Category:  History & Sociology

By:  buzz-of-the-orient  •  3 years ago  •  5 comments

Canada's Governor-General Mary Simon's Father - A Reason Why She Is Exceptional

This was an email sent to me by my brother - A long read, but worth it. 

Governor General Mary Simon's Father: Bob May; legend of the Eastern Arctic as Hudson Bay post manager --born  in Kangirsualujuak (George River) in northern Quebec in 1947, Mary Simon spent much of her first 15 years moving with her family from camp to camp by dog ​​team or canoe. Her Manitoba-born father,  Bob May, went north as a Hudson Bay manager.    

Simon is an Inuk from Kuujjuaq, a small hamlet on the coast of Ungava Bay in northeastern Quebec. She was born to a local Inuk woman and an Englishman fur trader father who worked at Hudson's Bay.      

Bob May, Father of Mary Simon 

Bob May; legend of the Eastern Arctic as Hudson Bay post manager  Jan 8, 2009, to BOB MAY: FUR TRADER, TRAPPER AND OUTFITTER, Hudson's Bay Company post manager was a legend of the Eastern Arctic

One of the last HBC apprentices, he went North at 17 and stayed there all his life, becoming a heroic figure among
Inuit elders. He later founded a successful hunting and fishing camp - WHIT FRASER January 8, 2009 

KUUJJUAQ, QUE. - Bob May was one of the last Hudson's Bay Co. boy apprentices. At 17, he left the comforts of the South to become, in the original wording of the company's 1670 royal charter, a "gentleman adventurer." He remained in the North for the rest of his life and is considered a hero among many Inuit elders in the Quebec Arctic. 

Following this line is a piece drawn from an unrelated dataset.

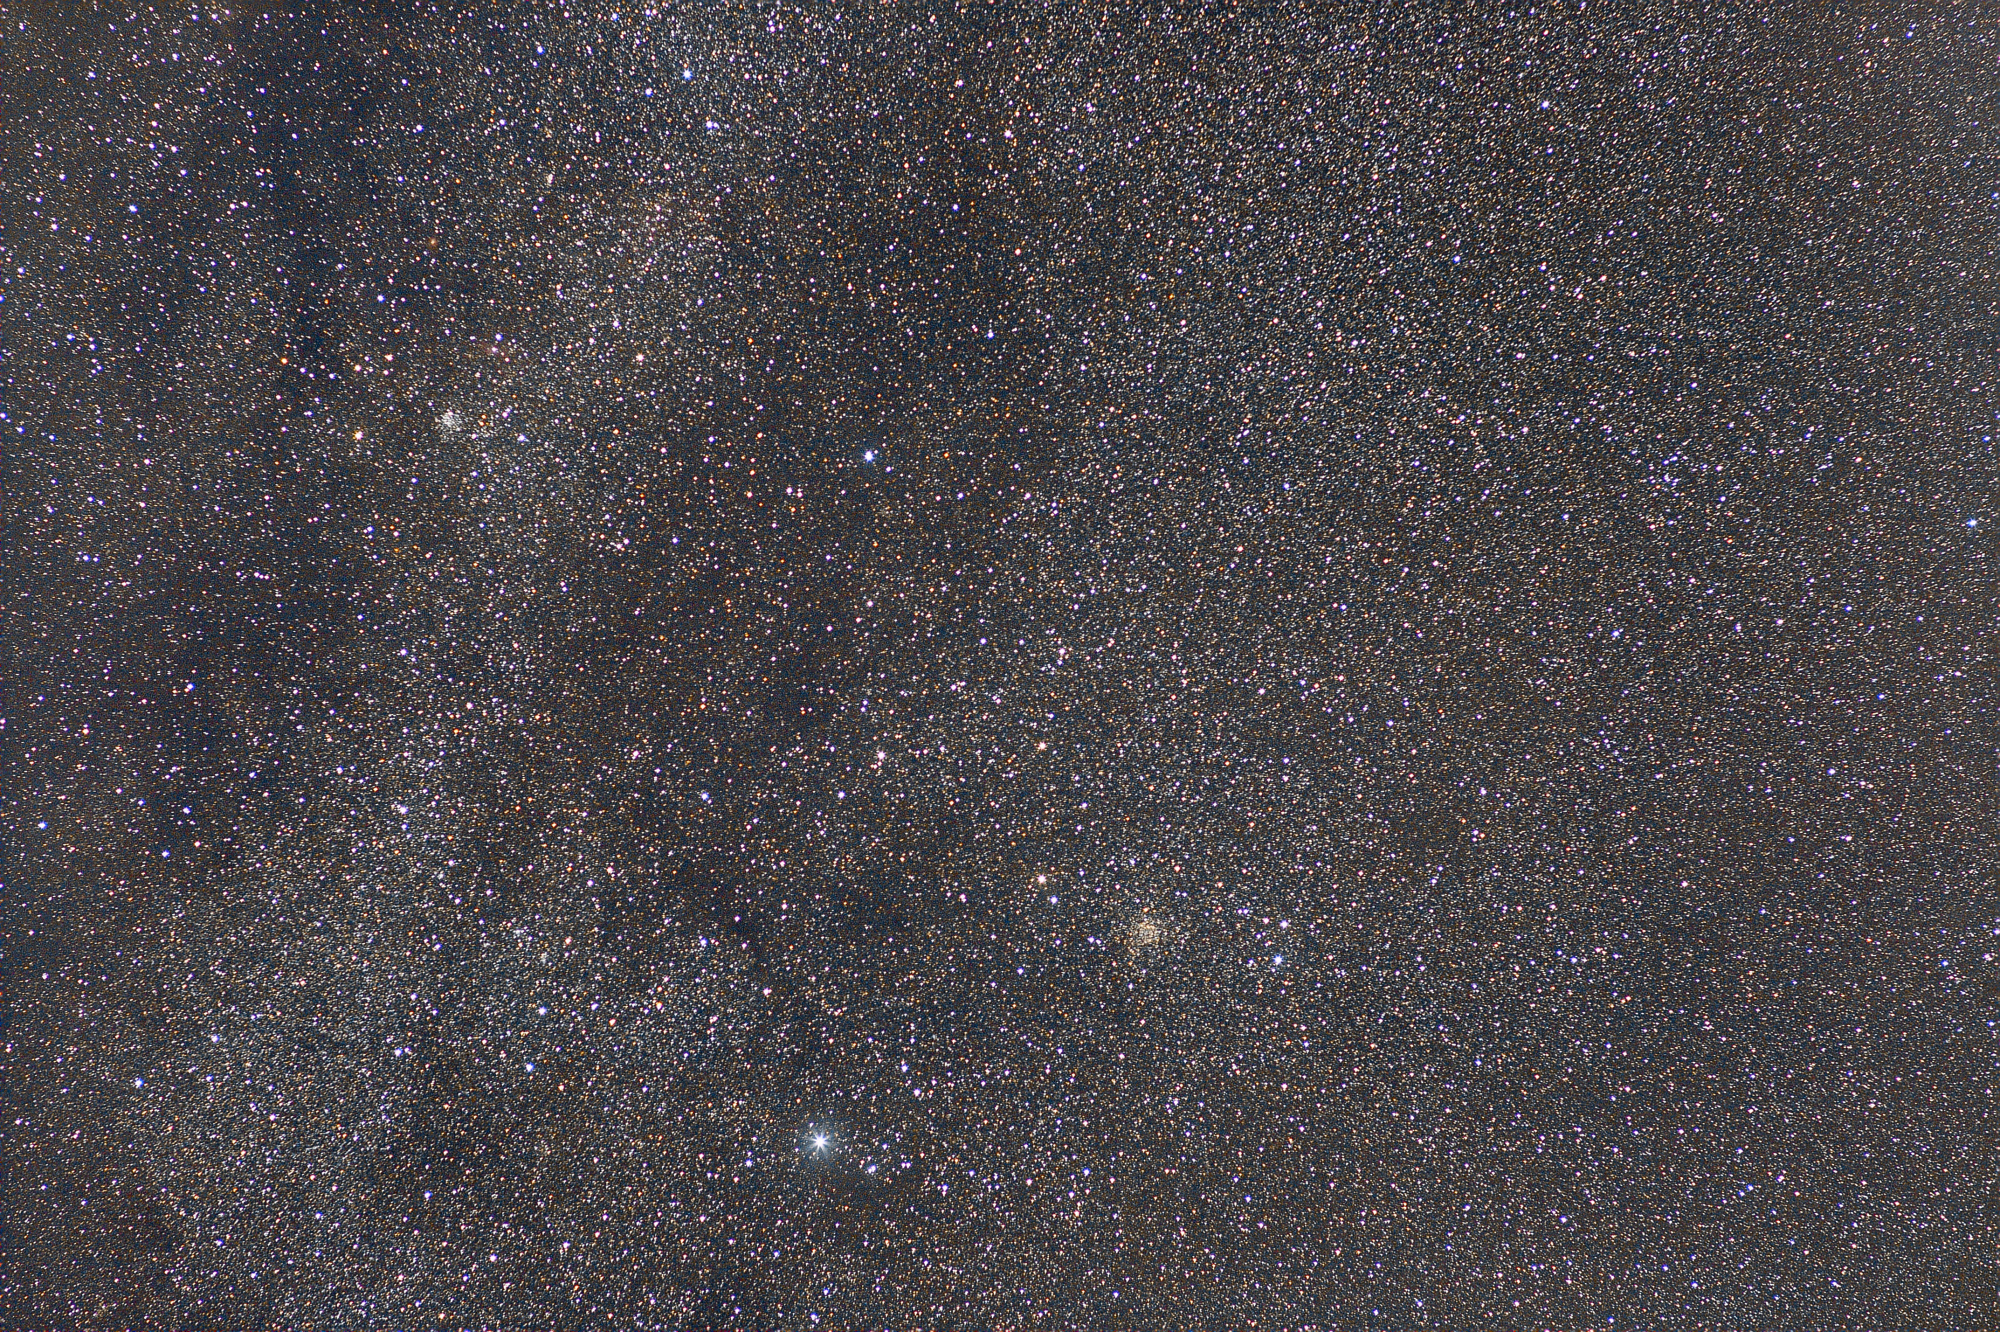 NGC7635_GRD-CHAMP_SIRIL_CS2_FITSWORK.thumb.jpg.0a2e95d741e67ace3de78e9f1628d7b0.jpg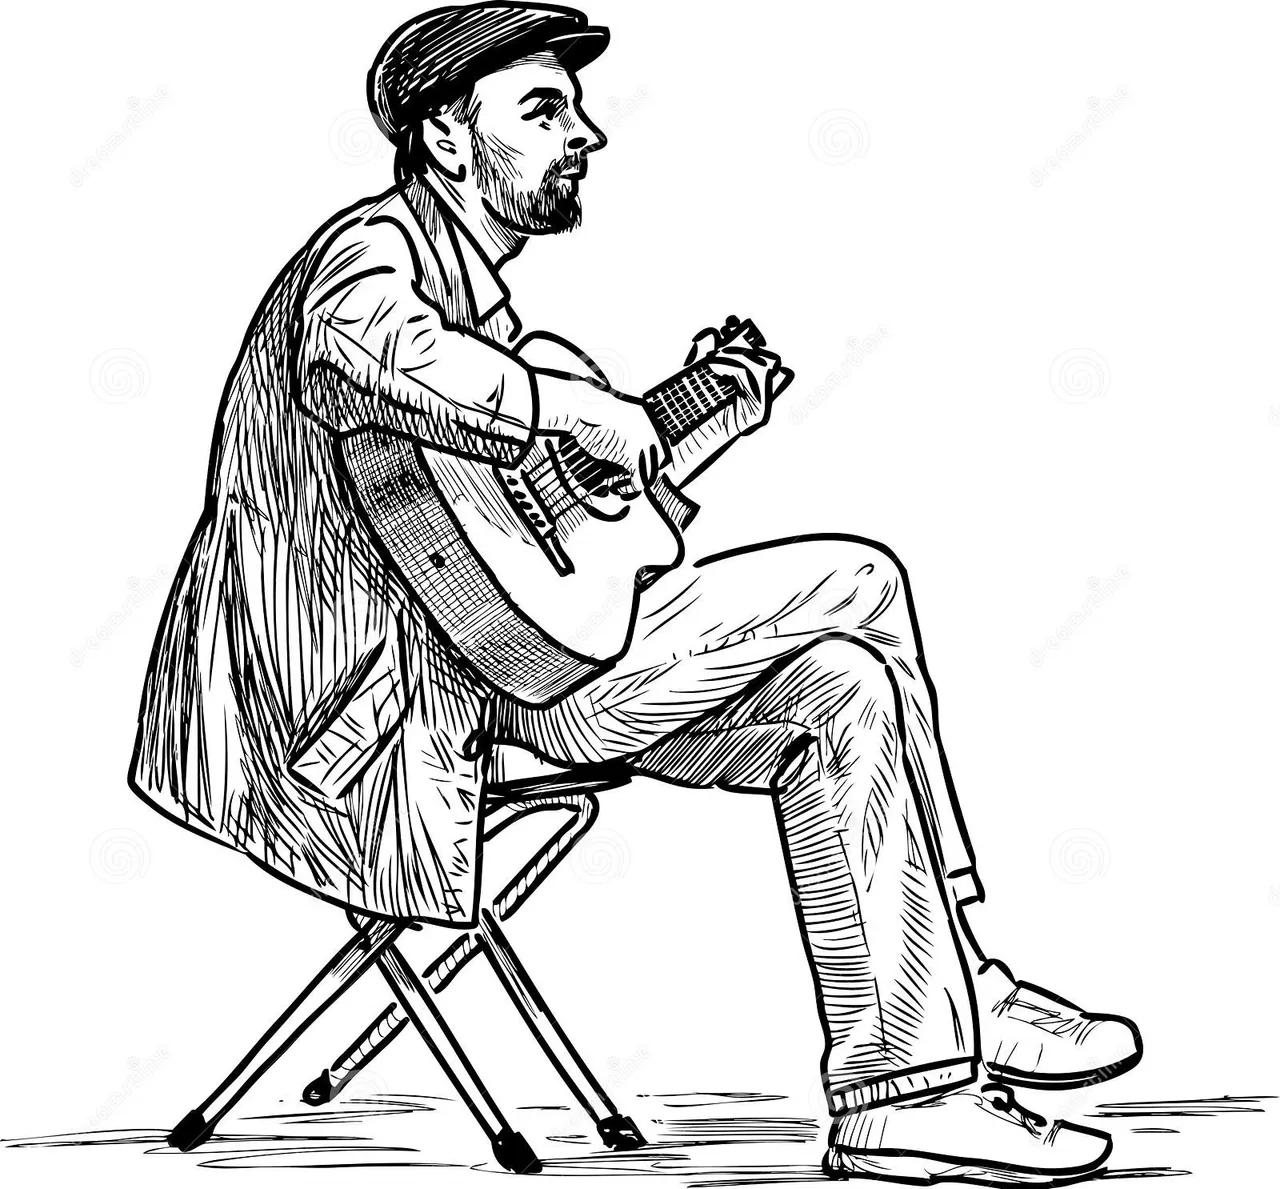 sketch_sitting_street_musician_playing_guitar_156855048.jpg

After leaving the HBC, he became an outfitter and was widely recognized for his contribution to tourism in northern Quebec. Visitors to Kuujjuaq, Que., formerly known as Fort Chimo, often stopped by hoping to hear adventures or view the huge trophy caribou antlers hanging on his walls. He was hospitable, but would remain first and foremost modest. For a man who once saved a community from starvation, he shared his good deeds and generosity only in the intimacy of his diaries – and sparse details, even then. 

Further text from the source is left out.